A total of 266 medical students were included in the present study, with a response rate of 100%. The majority of participants were male (54.9%), in the third year (35.7%), single (98.9%), knew a family member who was infected with SARS-CoV-2 before (75.2%), or after receiving the vaccine (84.2%) and were aware that multiple COVID-19 vaccines existed (99.3%). The mean age of participants was 21.3 (±1.7) years. All participants had been vaccinated against COVID-19 (100%). The majority of participants reported a preference toward the Pfizer-BioNTech vaccine (87.2%), had searched for data pertaining to the vaccine before receiving the vaccine (64.7%), and described the provision of the COVID-19 vaccine free of cost as an influential factor in receiving a vaccination (63.2%). Only a minority of participants had a chronic illness (9.4%), knew a family member or a friend who passed away due to COVID-19 (28.6%), or had read vaccine precautions before receiving the vaccine (39.9%; Table 2).

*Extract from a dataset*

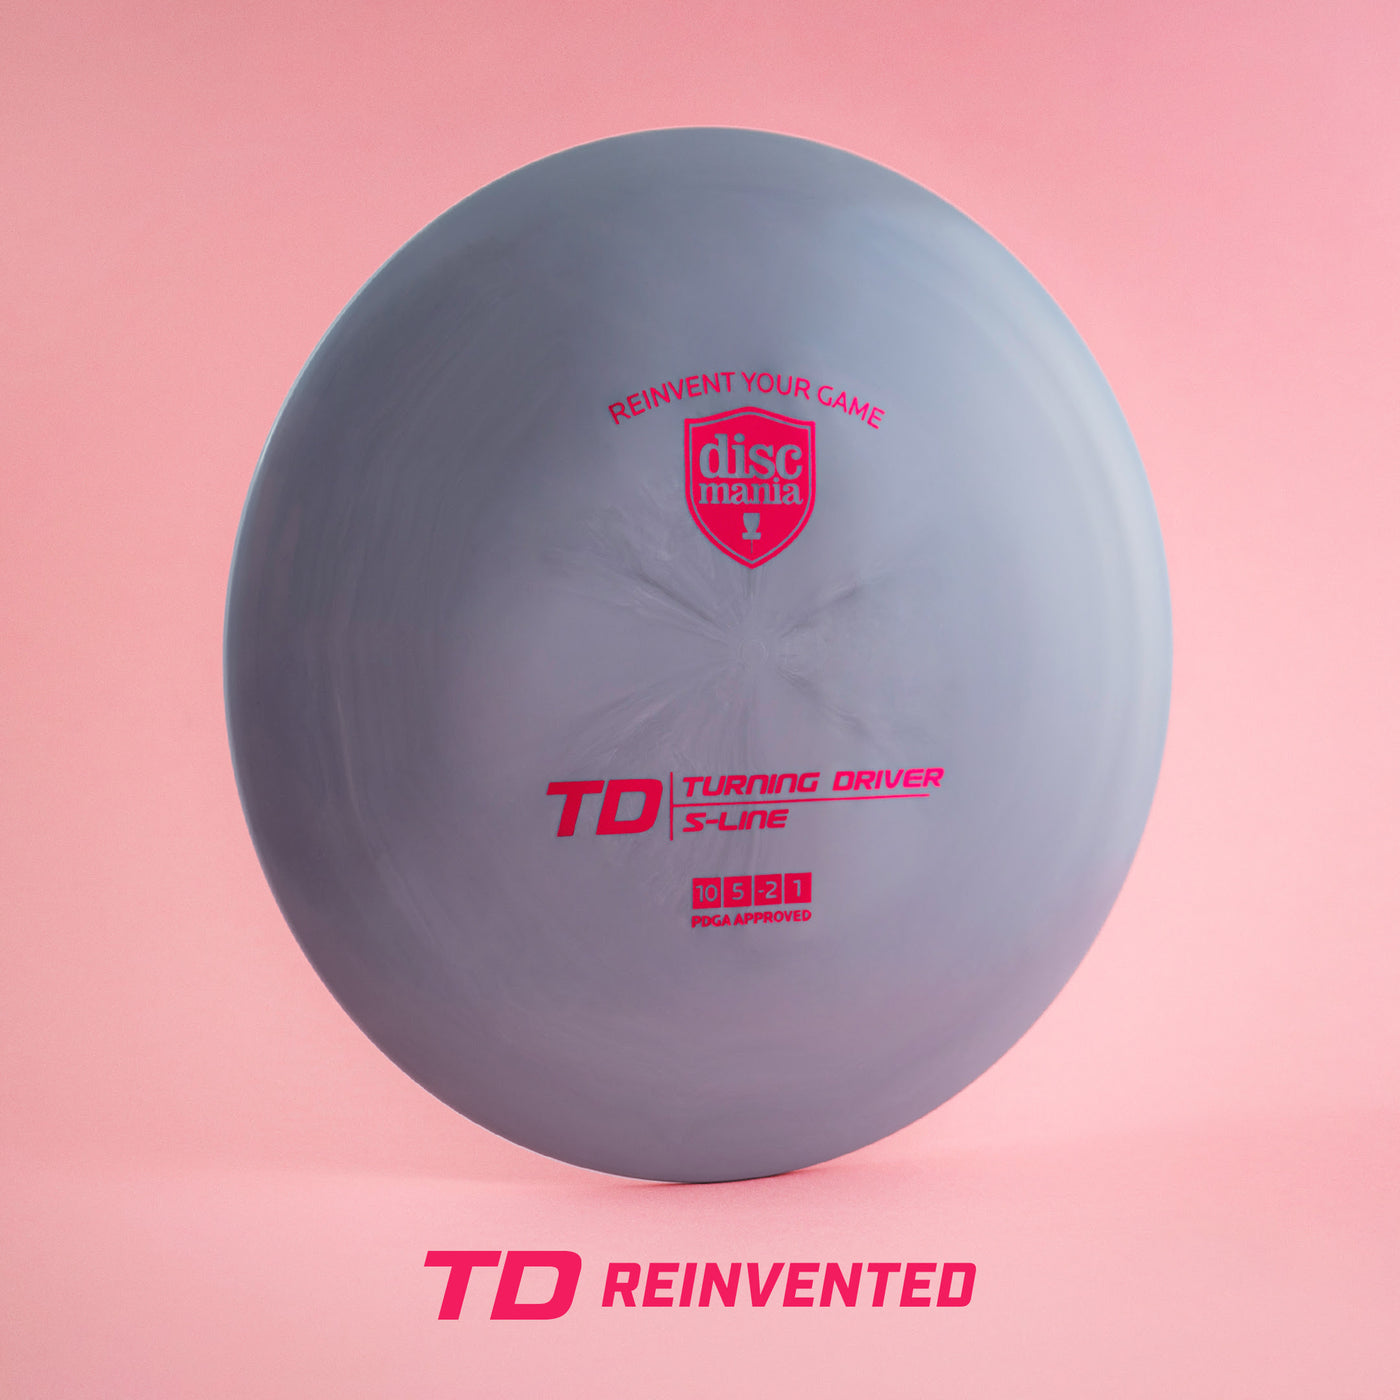 Discmania TD Reinvented Distance Driver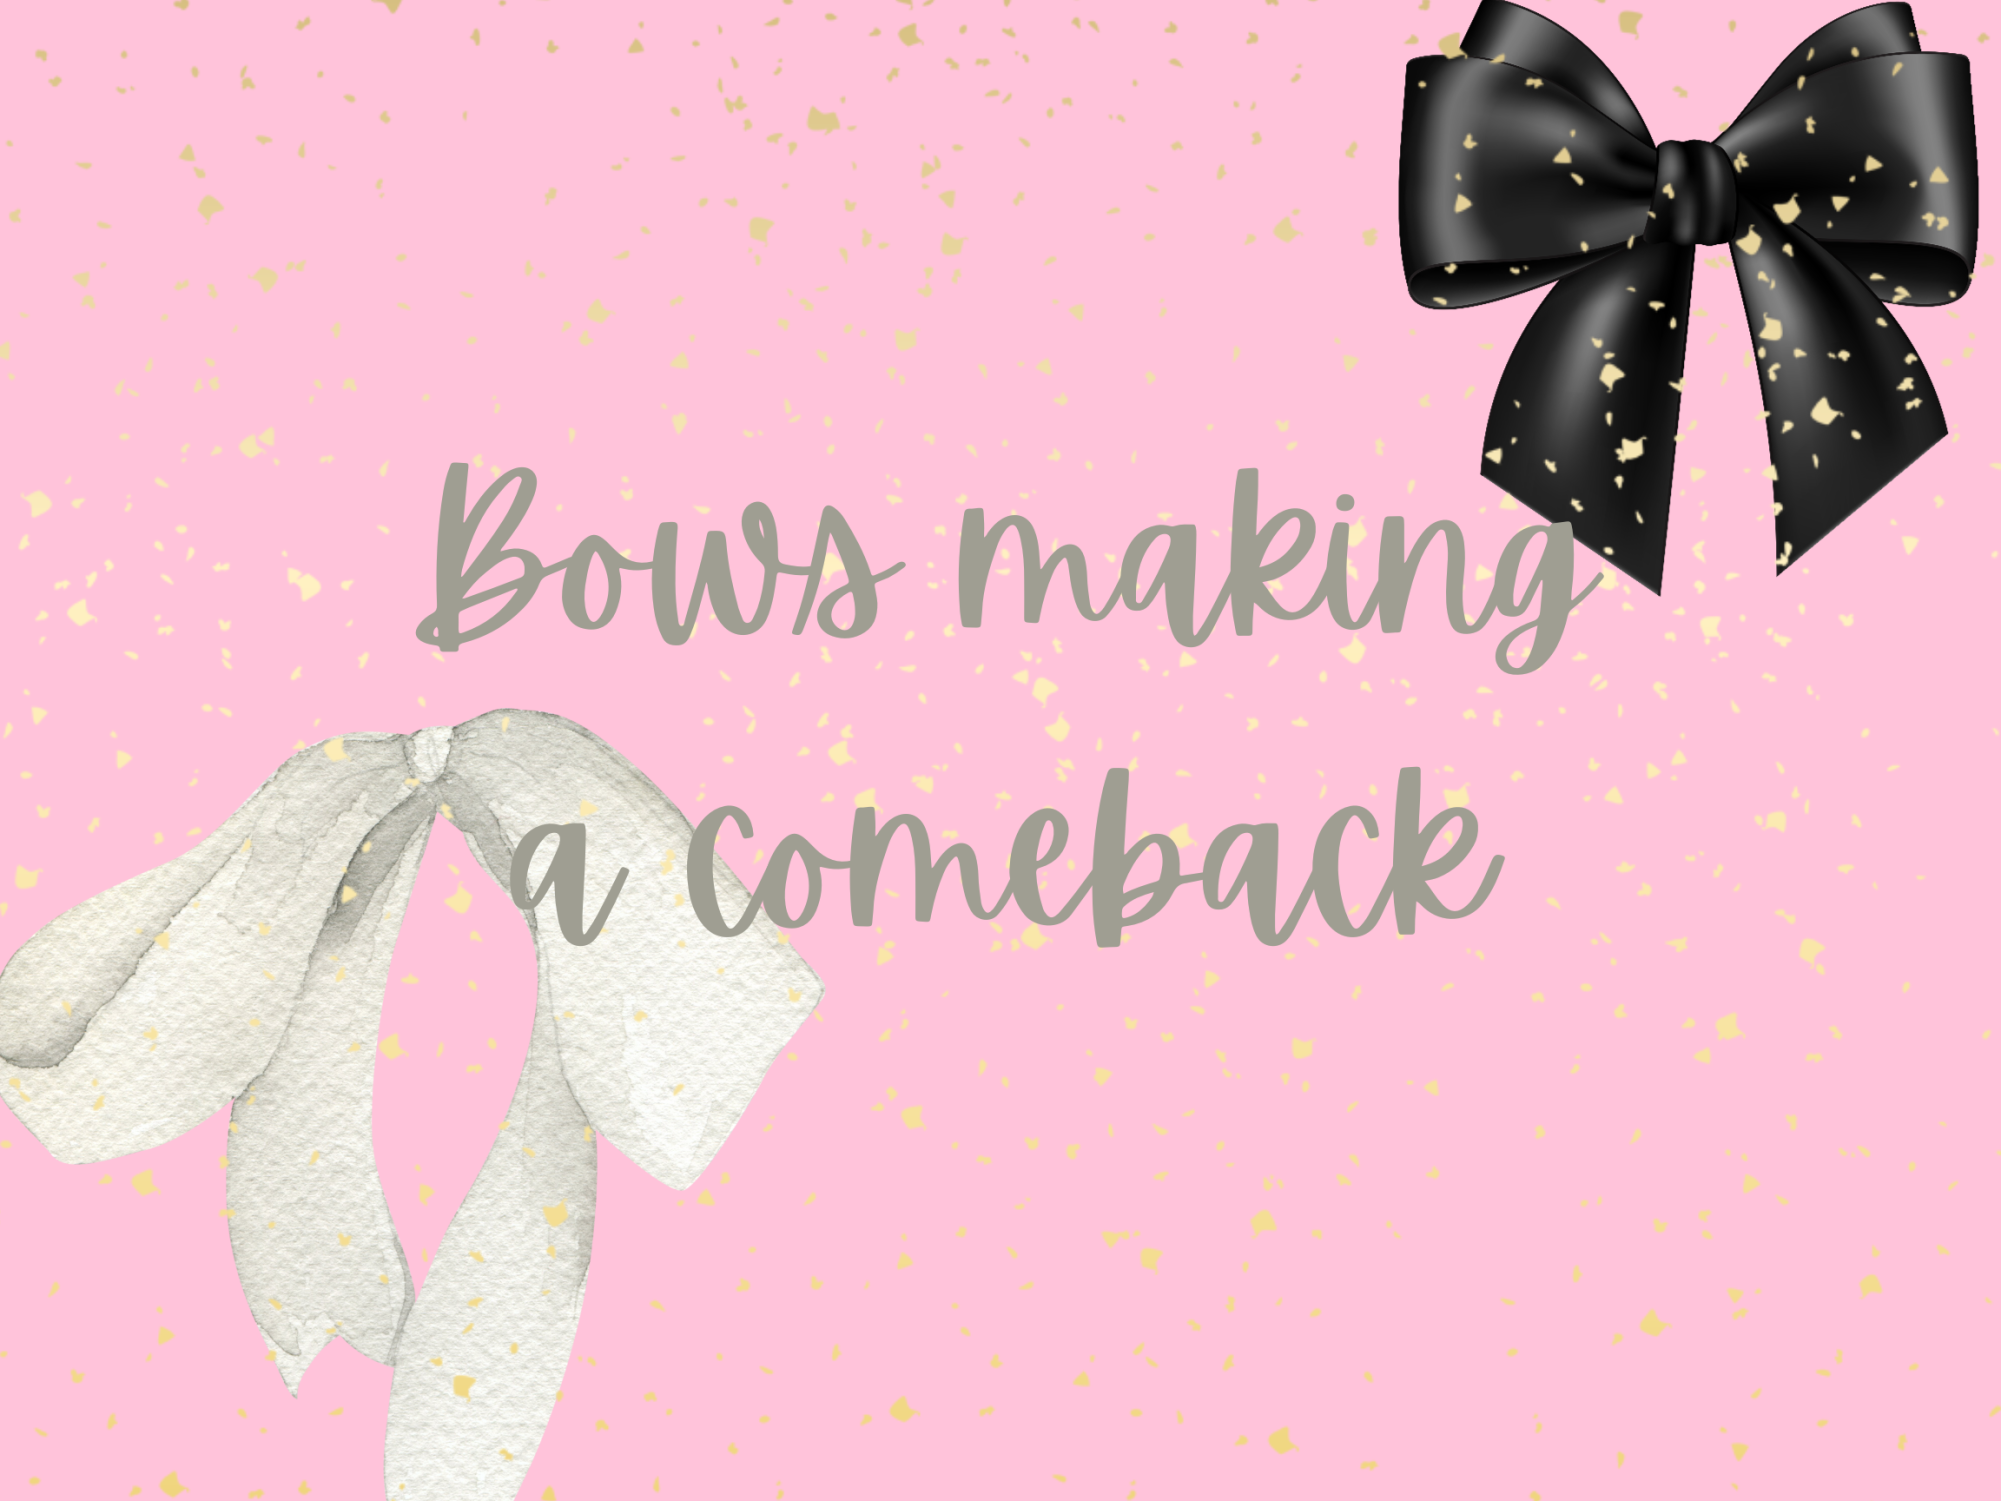 Hair Bows are Back—And This Time, The Adults Are Joining In

3.2. COVID-19 Psychological Antecedents

The majority of the participants in the present study were confident (79.7%), non-complacent (88%), and did not have constraints against receiving the COVID-19 vaccine (97.4%). Participants had low scores for calculation (38%) and collective responsibility (14.7%) (Figure 1).

3.3. Bivariate Analyses

Factors significantly associated with confidence included academic year (p < 0.001), prior SARS-CoV-2 infection (p = 0.021), and the provision of a free-of-cost COVID-19 vaccine as an influential factor in receiving vaccination (p = 0.025; Table 3). Factors significantly associated with complacency included prior family SARS-CoV-2 infection (p = 0.001) and a family member or friend passing away due to COVID-19 (p = 0.047; Table 4). Factors significantly associated with constraints included gender (p = 0.003), prior SARS-CoV-2 infection (p < 0.001), family member or friend passing away due to COVID-19 (p = 0.003), reading precautions prior to receiving the COVID-19 vaccine (p = 0.012), and searching for information related to COVID-19 vaccine (p = 0.048; Table 5). Factors significantly associated with calculation included prior SARS-CoV-2 infection (p = 0.022), prior family SARS-CoV-2 infection (p = 0.029), perceived best COVID-19 vaccine (p = 0.004), reading precautions prior to receiving the COVID-19 vaccine (p < 0.001), and searching for information related to COVID-19 vaccine (p < 0.001; Table 6). Only free COVID-19 vaccine being an influential factor in receiving it (p = 0.022) was reported as a significantly factor associated with collective responsibility (Table 7).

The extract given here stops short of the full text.